INTRODUCTION

• The rocks formed from sediments are called as ‘Sedimentary rocks’.
• The total amount of sedimentary rocks that exist in upper 16 km of earth’s crust is estimated to be only about 5%.
• These rocks are found chiefly as an extensive cover over continents.
• In sedimentary petrology, study of sedimentary / secondary rocks with reference to mineral and chemical composition,

megascopic and microscopic properties, genesis is carried out. The rocks formed by the deposition of products of rocks weathering i.e. sediments are called as sedimentary rocks. Sedimentary rocks include rocks formed by accumulation of chemically precipitated or organically derived materials.

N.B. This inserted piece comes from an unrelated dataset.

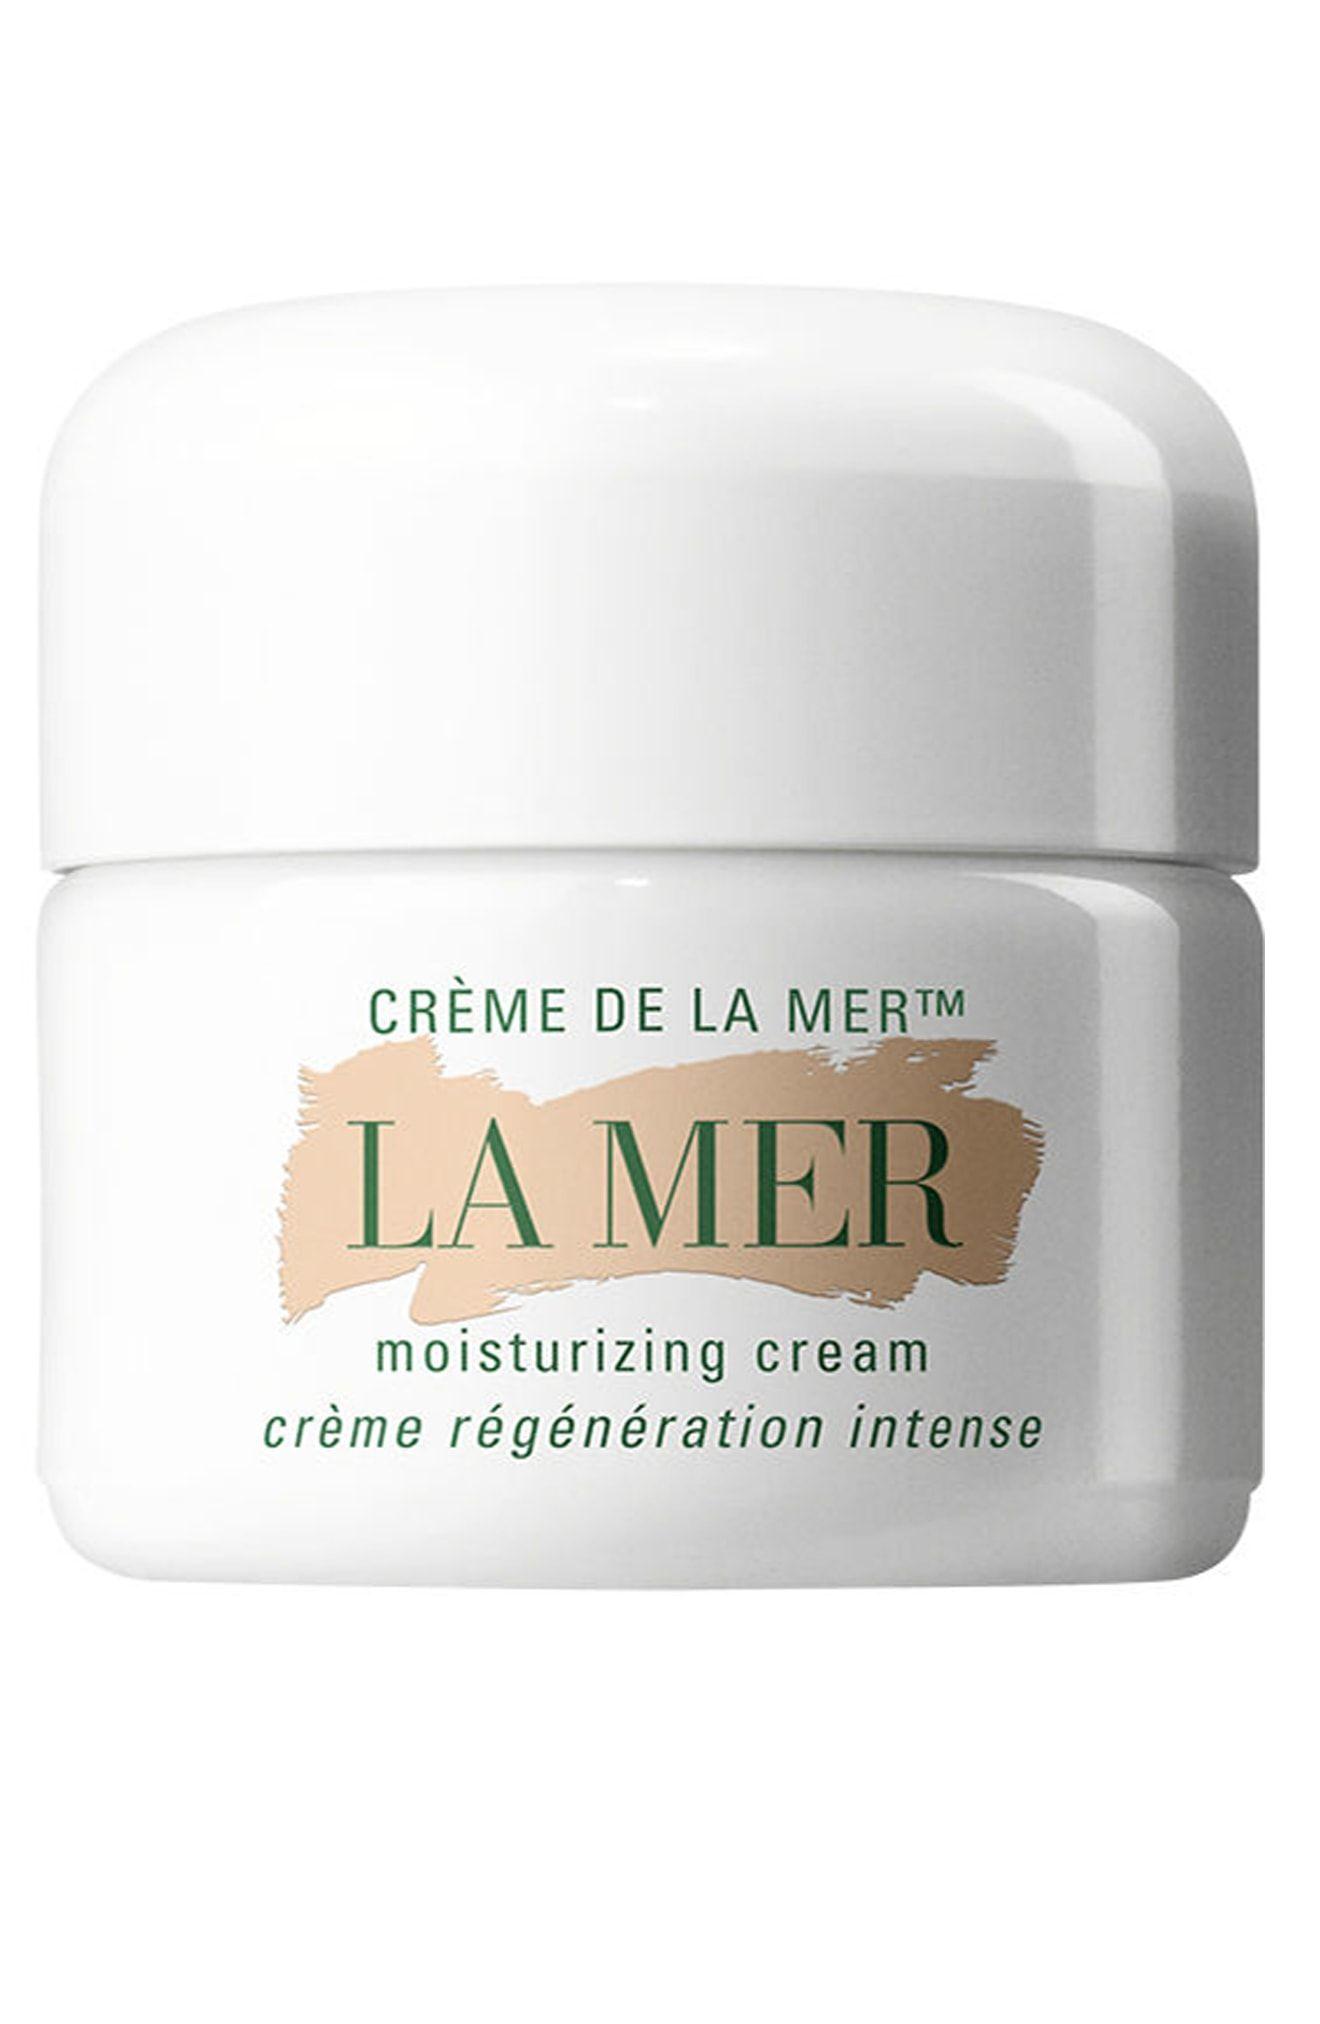 Creme De La Mer Moisturizing Cream La Mer Moisturizing Cream

Sedimentary rocks occur in layer and frequently contain fossils.

Rock Weathering :

• Weathering is defined as the total effect of various subaerial processes that bring about decay and disintegration of rocks exposed on the surface of the earth. Weathering is related to the surface of the lithosphere where rocks, air and water come together.
• Denudation is the wearing down of rocks of the earth’s crust. This is accomplished in three stages. In the first stage the long and continuous exposure of rocks to weather elements (temperature, pressure and moisture) lead to their disintegration and decomposition.
• In the second stage, the products of disintegration and decomposition are removed by agents of transportation such as flowing rivers, wind, gravity, solution and moving ice.
• The third stage involves the deposition of the transported weathered products in a depression or basin, which later form sedimentary rocks.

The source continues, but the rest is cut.